Mais la vie n'est pas si facile, car réduire la taille des items demande un temps de conception et d'analyse qui a un coût.

Parlons maintenant de la vélocité moyenne : que dire de Sprints qui oscillent entre 2 et 40 points versus des Sprints toujours autour de 20 points ! La vélocité moyenne est la même mais l'écart type lui varie entre ~2 et ~20 !

Pour rappel, la loi normale nous indique que le niveau de confiance de 95% est obtenu entre +/-2 fois l'écart type !

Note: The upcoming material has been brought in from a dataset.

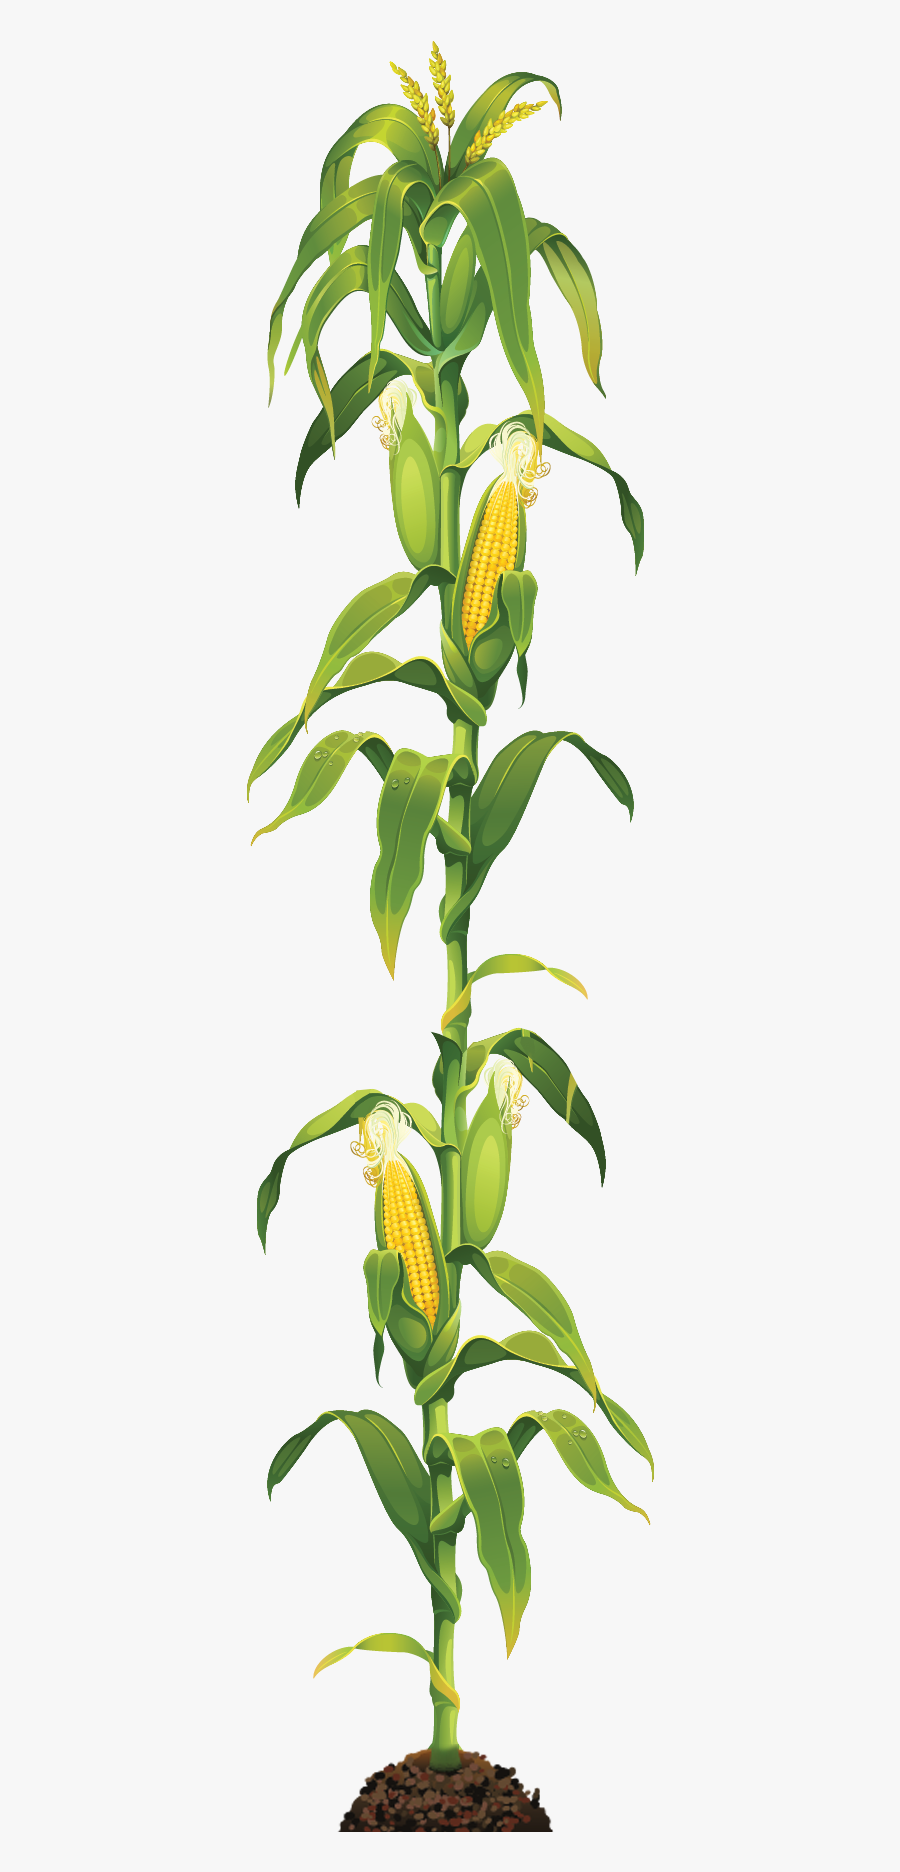 Corn On The Cob Maize Caramel Corn Clip Art - Transparent Corn Stalk, Transparent Clipart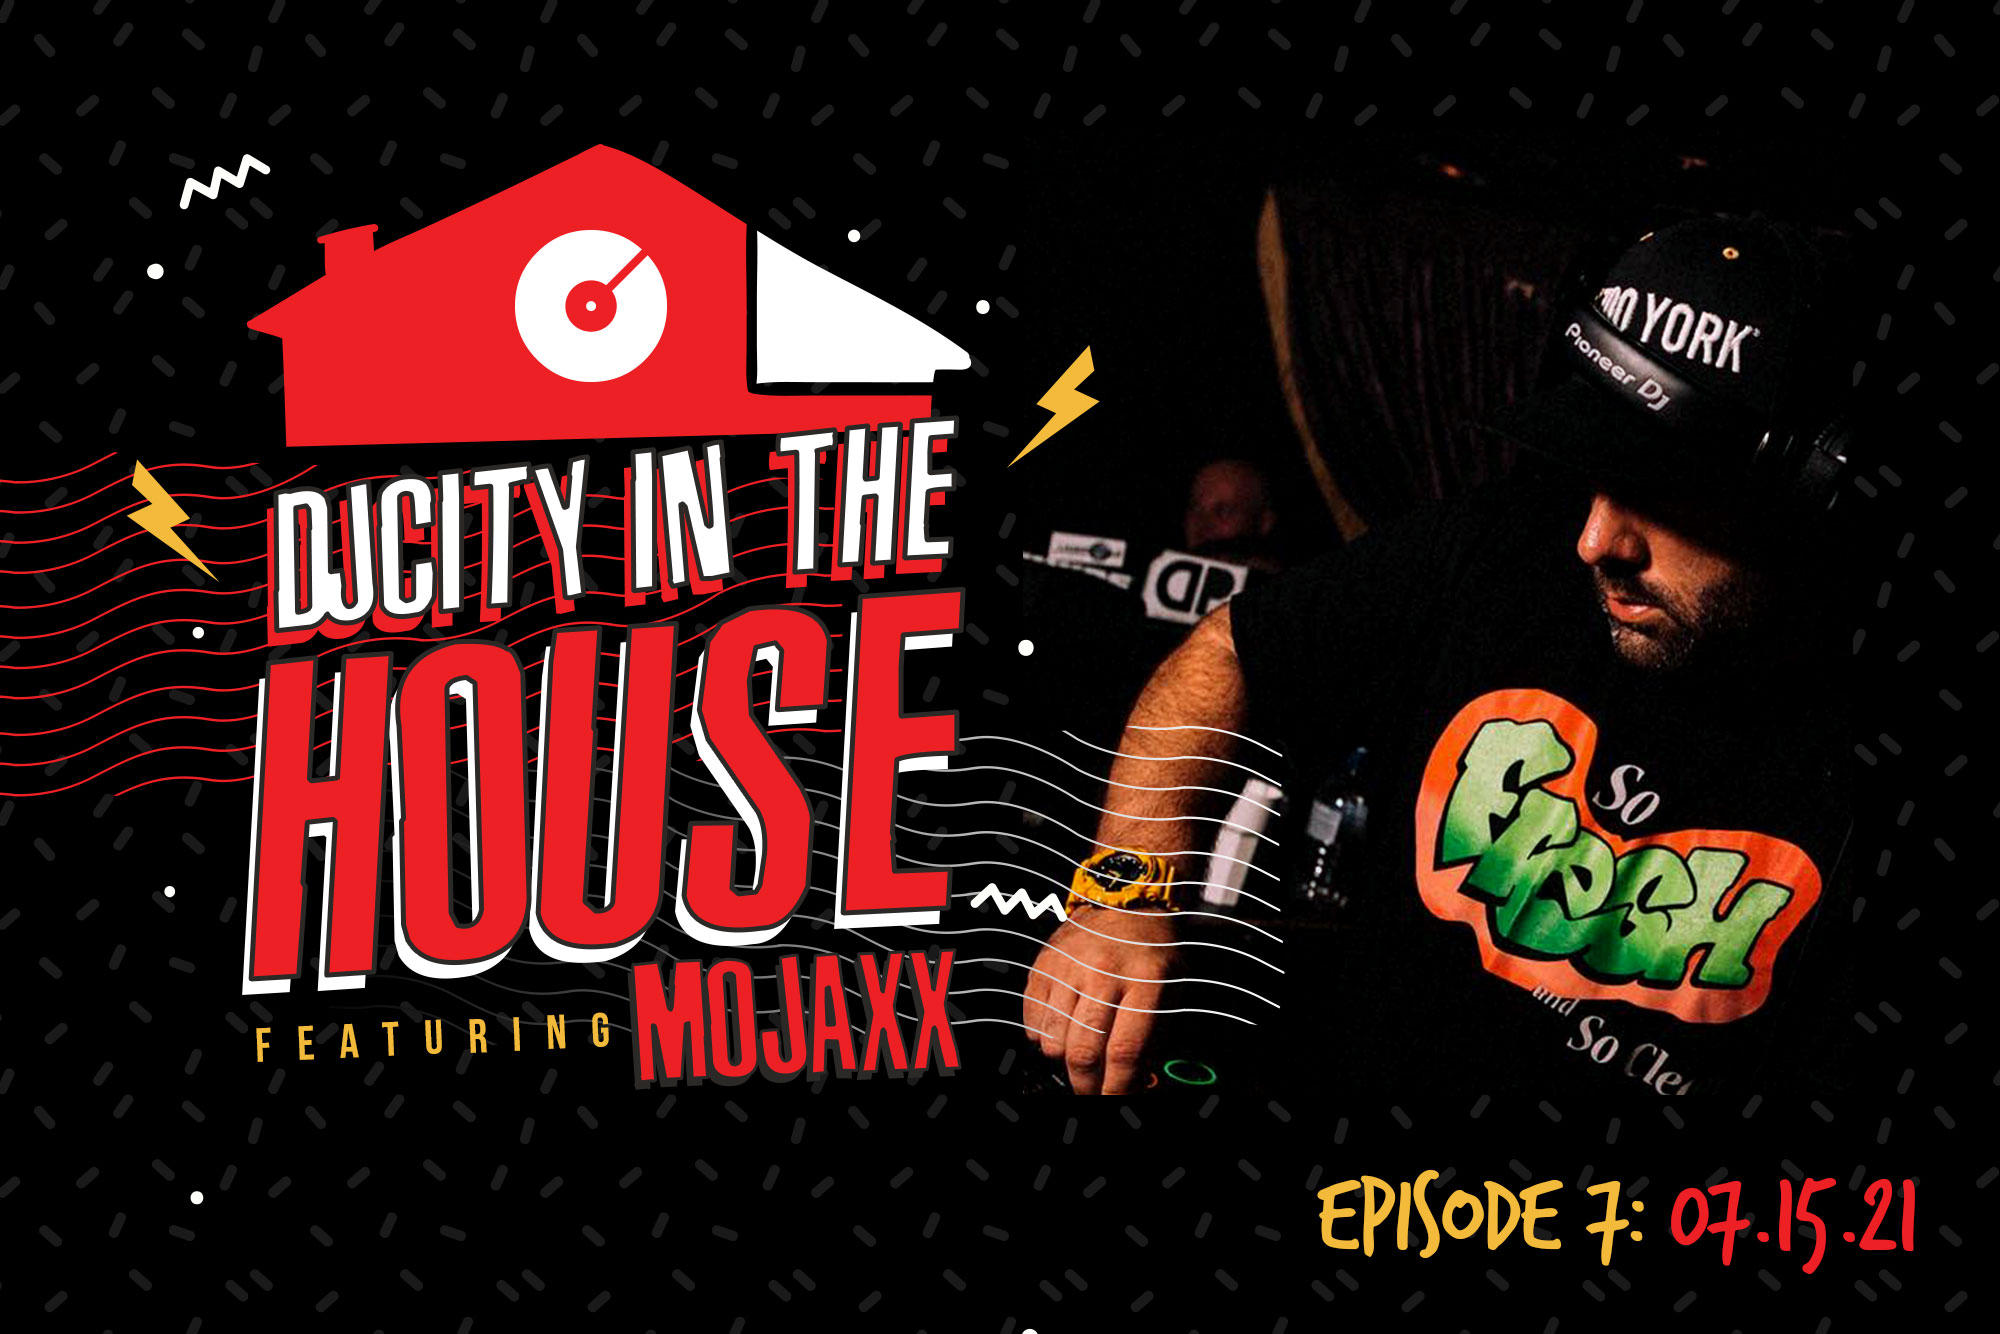 Listen to ‘DJcity in the House’ Feat. Mojaxx: July 15

En résumé un projet peut-être dit prédictible si les items sont rapides à réaliser et si l'écart type de la vélocité moyenne est faible, mais dans ce cas, à quoi sert l'estimation puisque le projet est intrinsèquement prédictible ! Mesurer le débit (Nb d'items Done par semaine) suffit largement !

Conclusion

L'Agilité nous pousse à traiter des besoins et non pas des solutions.

Estimer la complexité d'une solution est très fastidieux pour les développeurs et génère des tâches de découpage qui ne créent pas de valeur pour le client.

Estimer la complexité d'un besoin revient à parler de l'incertitude associée et c'est un exercice qui permet rapidement de challenger le client sur le POURQUOI.

Les projets sont dits prédictibles lorsque la taille des items est petite et que le contexte est faiblement porteur d'incertitude.

L'estimation dans un projet prédictible ne sert à rien, la mesure du débit (Cf. Kanban) est largement suffisante.

Dans les projets où l'incertitude est forte, l'estimation ne permet pas de donner de la prédictibilité, au mieux des fourchettes d’atterrissage qui se précisent avec le temps.

Limiter l'incertitude pour rendre un projet plus prédictible prend du temps et coûte de l'argent, cela revient à dire au client : "pour vous donner une date de fin précise, je vais devoir enlever des fonctionnalités, qu'en pensez-vous ?"  - je vous laisse imaginer sa réponse !

L'entreprise doit prendre connaissance de tous ces paramètres pour décider où placer son effort et son investissement en fonction de ses priorités.